Когда меня уже забирали на этап, и в санчасти подготавливали медицинское дело, Людмила вызвала меня и довольно решительно отправила прочь конвойного. Со слезами, с драгоценным интимом в выхваченное нами и скомканное короткое время, прощались мы навсегда: впереди меня ждал большой кусок жизни в зоне; и на близость, вероятно, ее подталкивало сострадание. Благодарность к этой женской сердечности я храню и сейчас.

К власти пришел Андропов, что привело к ужесточению коммунистического режима, и в первую очередь лагерного. Ввели новую статью — 181 прим. 2, по которой на зоне могли держать бесконечно.

Ко всему этому, в Хасав-Юртовской тюрьме было отвратительное питание, часто давали в эту жару вонючую кислую капусту, ржавые кильки или зеленовато-синие сельди, после которых от жажды начиналась настоящая пытка, и знающие остерегались есть подобное. Но что самое страшное — был практически несъедобным хлеб, то есть так называемая зэками «святая пайка», которая многим узникам ГУЛАГа спасла жизнь.

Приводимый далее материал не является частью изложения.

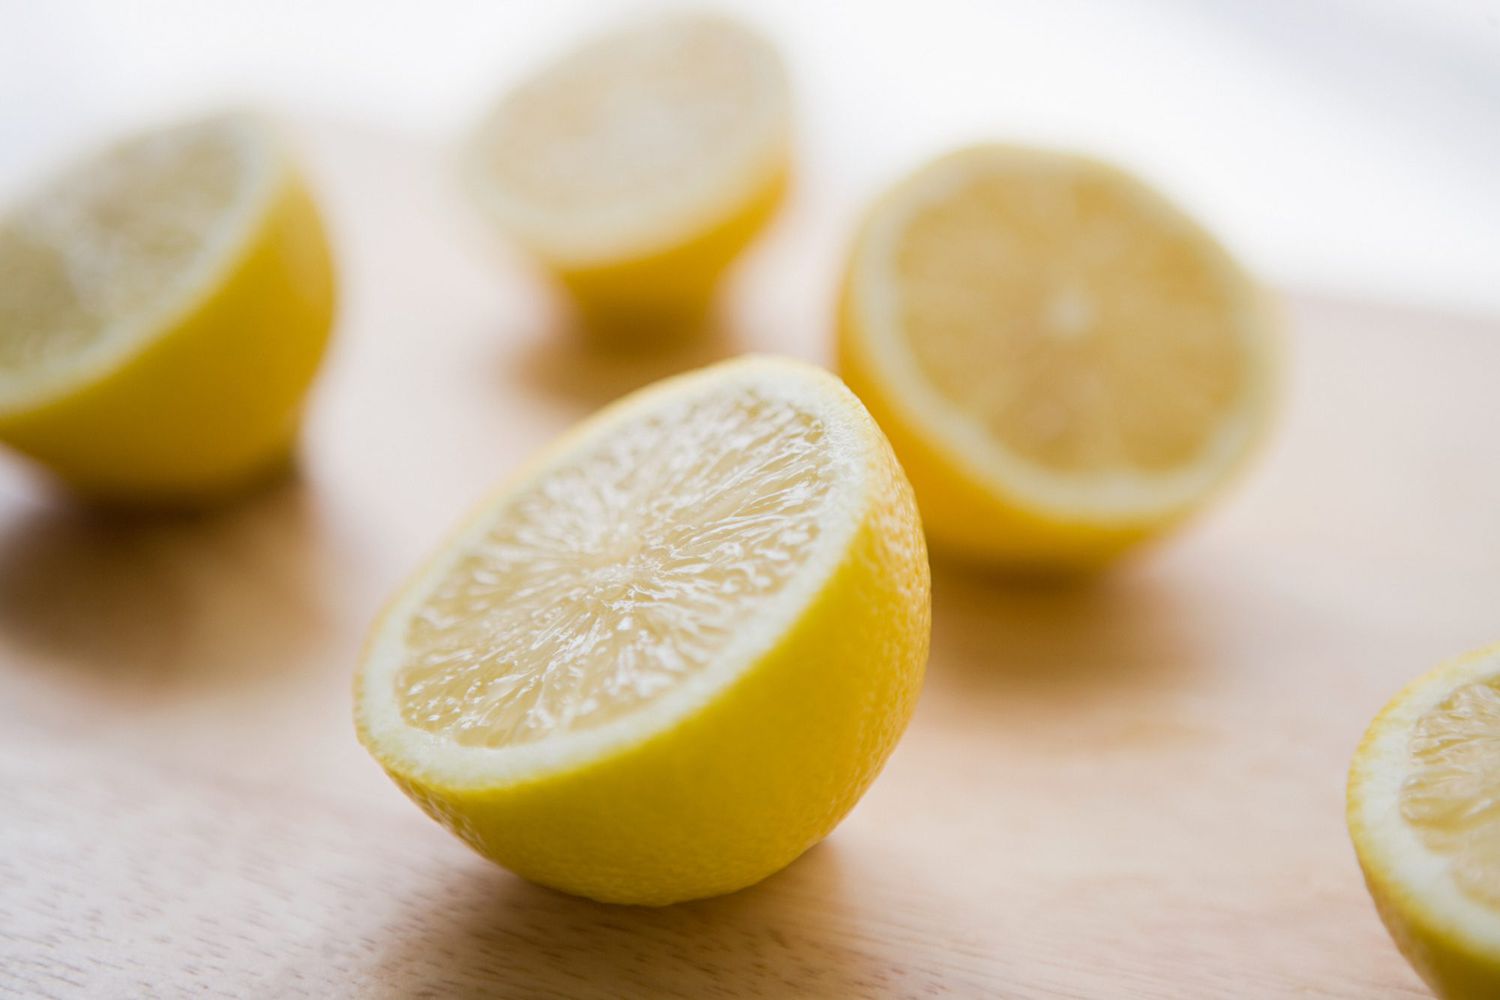 Lemon halves

В этой тюрьме из-за серо-черного мокрого, кислого хлеба тюремной спецвыпечки, в буханках которого мы чего только не находили (гайки, каменный уголь, гвозди, веревки, и пару раз даже дохлых мышей), тюрьма «упала» — то есть объявила голодовку, выдвинув свои законные требования и вызывая прокурора по надзору.

Весь красный от бешенства, с глазами, вылезшими из орбит и с пеной у рта, хозяин тюрьмы Амирханов в окружении оперов и режимников бегал по камерам, орал, пугая и увещевая, лишь бы тюрьма сняла голодовку. Шел второй ее день. На третий же, если баланда возвращалась обратно нетронутой, ставилось в известность МВД, вызывался прокурор по надзору и назначалась комиссия из МВД, что могло кончиться снятием начальника с должности, тем более, если требования были законными и убедительными.

Но после этого всегда наказывали и зачинщиков зэковских возмущений: когда уходила комиссия и все затихало, осуждали к «крытой», то есть к тюремному режиму, или меняли режим на более строгий, и всегда «лепили на дело полосу». То есть на конверте с запечатанным «личным делом» осужденного, где была наклеена фотография и написаны дата рождения, имя, фамилия, отчество, статья, срок, начало срока, конец срока, наискось из угла в угол красовалась синяя или красная полоса, что обозначало: склонен к побегу — или к нападению на конвой. А это значит, что каждый новый конвой в автозэке, «столыпине», на пересылках будет встречать и провожать вас дубинками и пинками сапог под издевательское: «Что, спортсмен? Ничего, сейчас здоровье отрихтуем — и ползать не сможешь!». К тому же и по прибытию в зону надо будет через каждые три часа ходить на вахту отмечаться, а если вдруг ночью приспичит в туалет, и тут проверка некстати, то утром можно собираться на 15 суток ШИЗО.